Unfortunately, today marked the end of my externship and therefore my flog posts. I spent today giving my presentation at the lab meeting and reflecting with the team about my experience in the externship.

This presentation, aided by the slides attached below, represented the culmination of this externship experience and all I have learned from it. In order to answer the research question I posed, I needed the relevant data that I had spent the last three weeks collecting. From day one, I learned how to sequentially transform cut plant heads into data points that can be used to determine relationships like the burn effect on achene count and seed set. Yesterday, I learned how to visually represent and perform statistical operations on that data using R. Today, I practiced conveying not only my results to an audience of scientists but getting them to engage in my narrative and conclusions. Part of the presentation also included a discussion afterward about questions others had and contemplation about the reasons and implications surrounding certain results.

In particular, my presentation aimed to expand on the echinacea burn effects research done by The Echinacea Project at Staffanson Praire Preserve. I was curious whether the burn effect on production and pollination found in this study and various other published ones would hold up to recent years and to a study area beyond just Staffanson. As shown below, I found the burns performed at multiple sites resulted in a greater (statistically significant) increase in the seed set of echinacea heads at these sites than for those that were not burned. Feel free to take a look for more information and specific results:

Overall, this externship has increased my practical lab knowledge and experience in data processing. In general, it helped bolster my ability to form and carry out a research question all the way to the project’s completion. In addition to my own project, I got to participate in lab meetings and share suggestions and questions with people presenting their papers in progress. This exposed me to not only the workflow of data processing but the commonplace revision and discussion of ideas. Another thing this externship strengthened was my networking skills, as I sought out and spoke with multiple employees who gave me insight into their projects and how I can best pursue my interest in similar work. These people included land managers, like Matt and Joan, and Ph.D. program students, like Lea and Drake. The employees I directly worked with, like Alex, Mia, Wyatt, Jared, and Stuart, especially ensured that I was able to take all that I could from this externship and meaningfully contribute to their project’s progression. I am immensely grateful to have been a part of this experience and I can’t wait to someday join such a kind community and fascinating field of study.

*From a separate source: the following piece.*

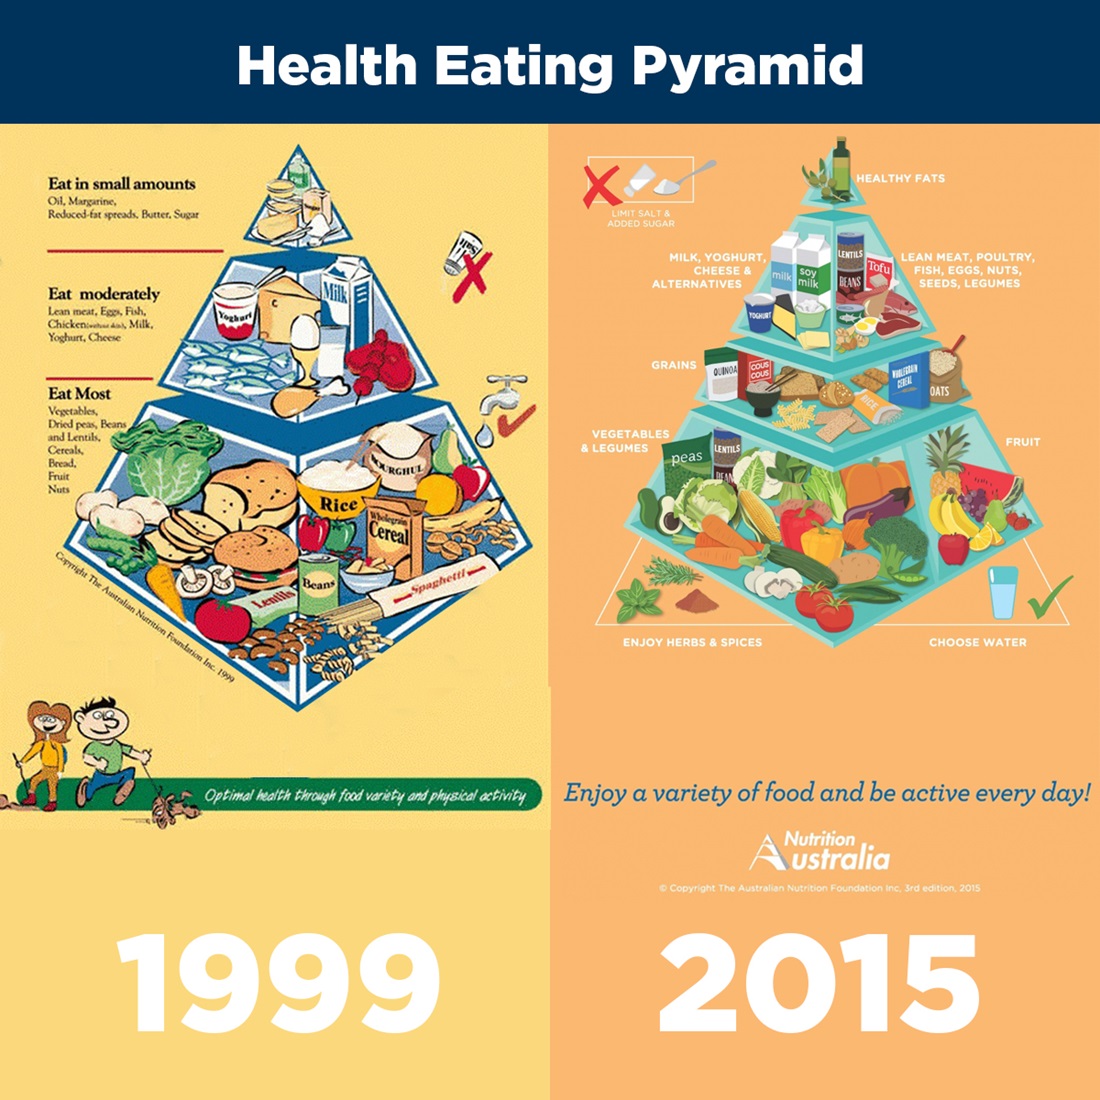 health eating pyramid 2015 to 1999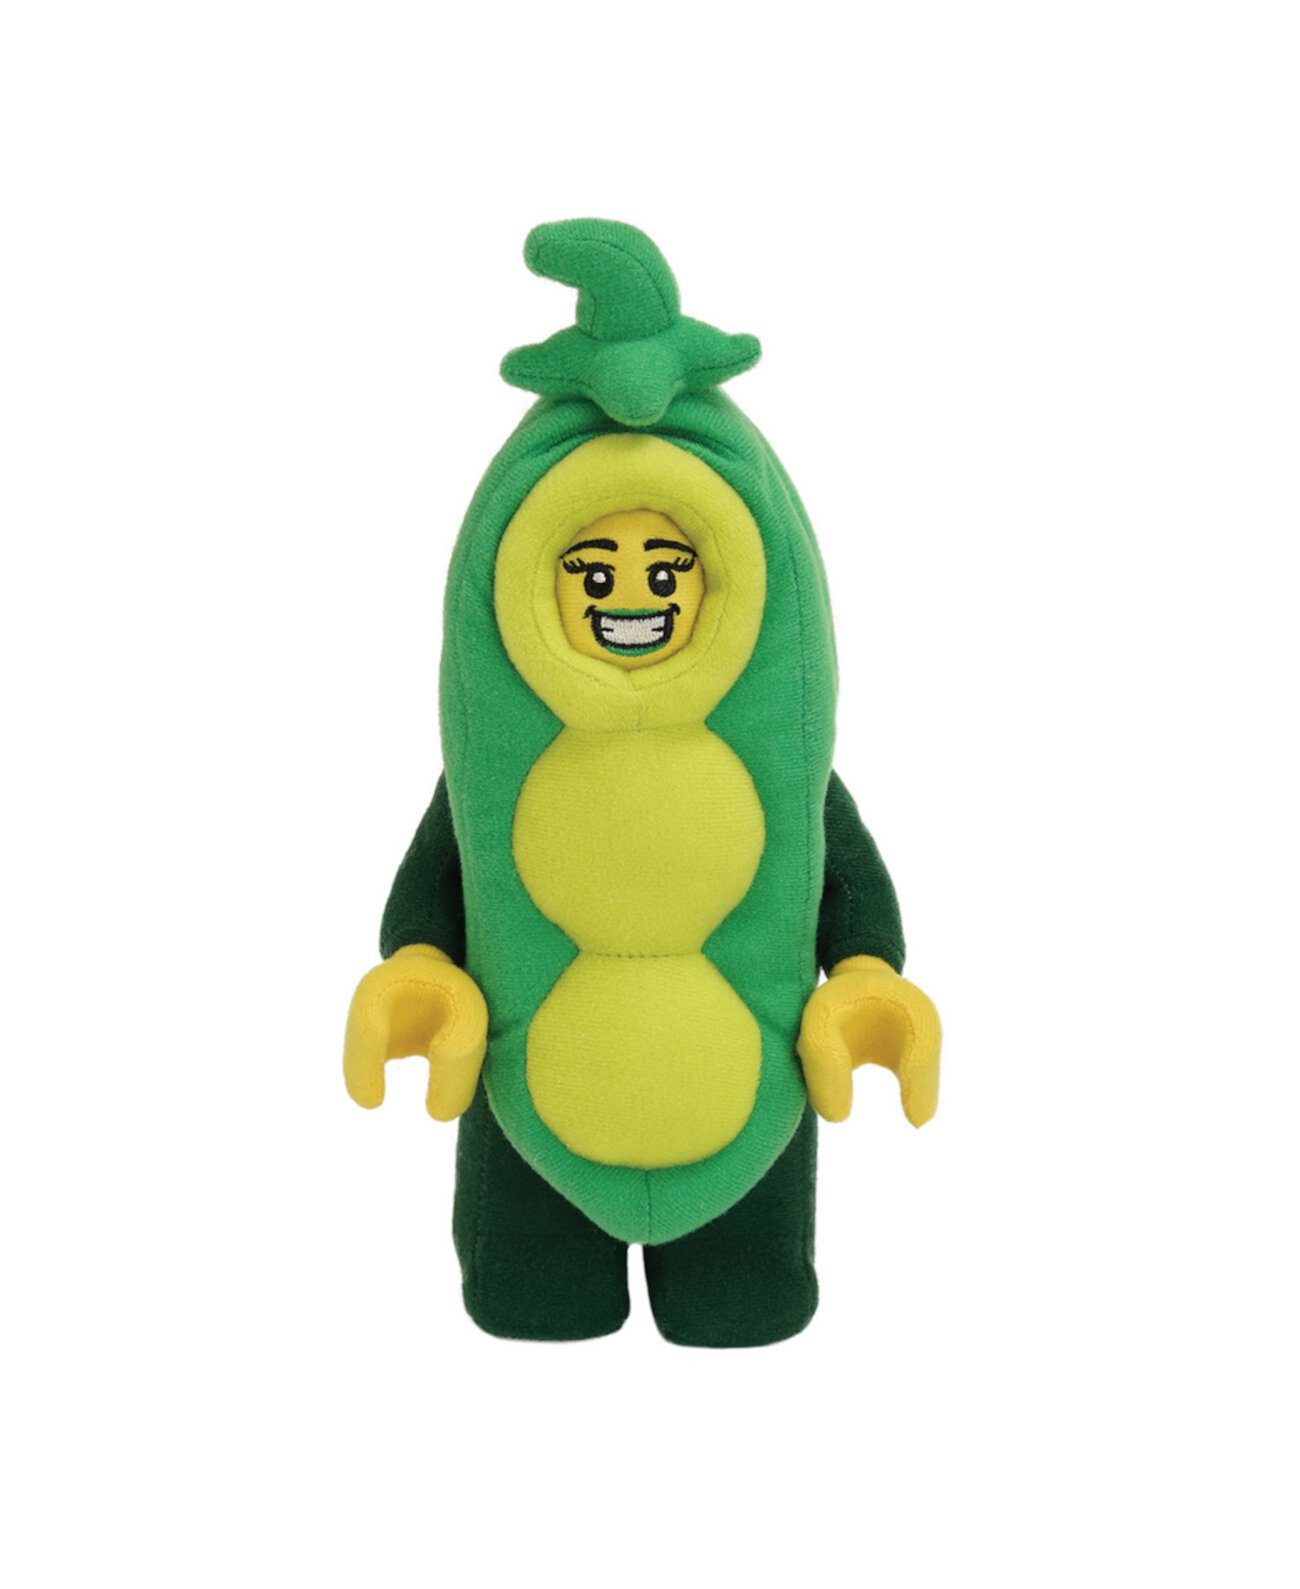 LEGO Minifigure Peapod Costume Girl 9-дюймовый плюшевый персонаж Manhattan Toy

Externship Day 13: Finishing Randomization and the Introduction of Classifying!

I can’t believe our externship is almost over! Just yesterday we finished randomizing Liatris, so today we started randomizing Echinacea. The procedures were similar, except we used a circle (which looks like a carnival spin-the-wheel) instead of a grid when scattering achenes. The total achene numbers were also unusually small in 2020 and 2021 compared to the previous Echinacea collection years, so we actually had to alter the randomization protocol in order to get a minimum of 25 achenes that can be classified for pollination.

Here’s me, Cassie, and Wanying randomizing Echinacea by scattering the achenes on the circle (lower left) and using the letter randomizer on the project website to select achenes to be put onto the counting sheet (right of the circle)

We also x-rayed the rest of the Liatris today and learned how to classify achenes that have been x-rayed. These x-rays are meant to look at the seed status of the achenes in order to determine which achenes were pollinated. We used the Echinacea classification training module on the Echinacea Project website and created specific criteria for Liatris in order to mark the achenes as empty, partial, and full. We should be able to finish x-raying and classifying the Echinacea we randomized tomorrow morning!

The achene classification training module, which includes an interactive practice classifying session

However, the best part of my day was meeting with one of the Ph.D. students doing research in the lab, Drake, and learning about their current work with parasitic plants. Drake and Lea, who is another Ph.D. student that we met earlier in the week, gave valuable insight about preparing for grad school and Ph.D. programs. They especially gave great advice about not being afraid to cold email people we want to connect with as well as how to take advantage of our unscheduled time for research, especially in the latter Ph.D. program years.

I’m also excited for tomorrow, which is when we will finally get all of our data processed! With this data, we’ll be able to answer our research questions and input the results into our presentation for Friday’s lab meeting. I can’t wait to not just get the results, but also to discuss them and their implications with the project team!

Externship Day 8: Project Focus and the Introduction of Randomization!

We’re now past the midpoint of our externship! This week we are focusing more on gathering the data for our own projects, so yesterday Alex and Mia gave us a list of Echinacea purpurea samples that would be helpful to use in my project. Cassie, Wanying, and I separated these samples and moved them through the entire process we had learned so far, including cleaning, rechecking, random letter-number label assigning, reordering, and scanning. Thanks to this work, we only had a few scans to do today and redid the scans that did not have any achenes so that they now include a note to any potential counters.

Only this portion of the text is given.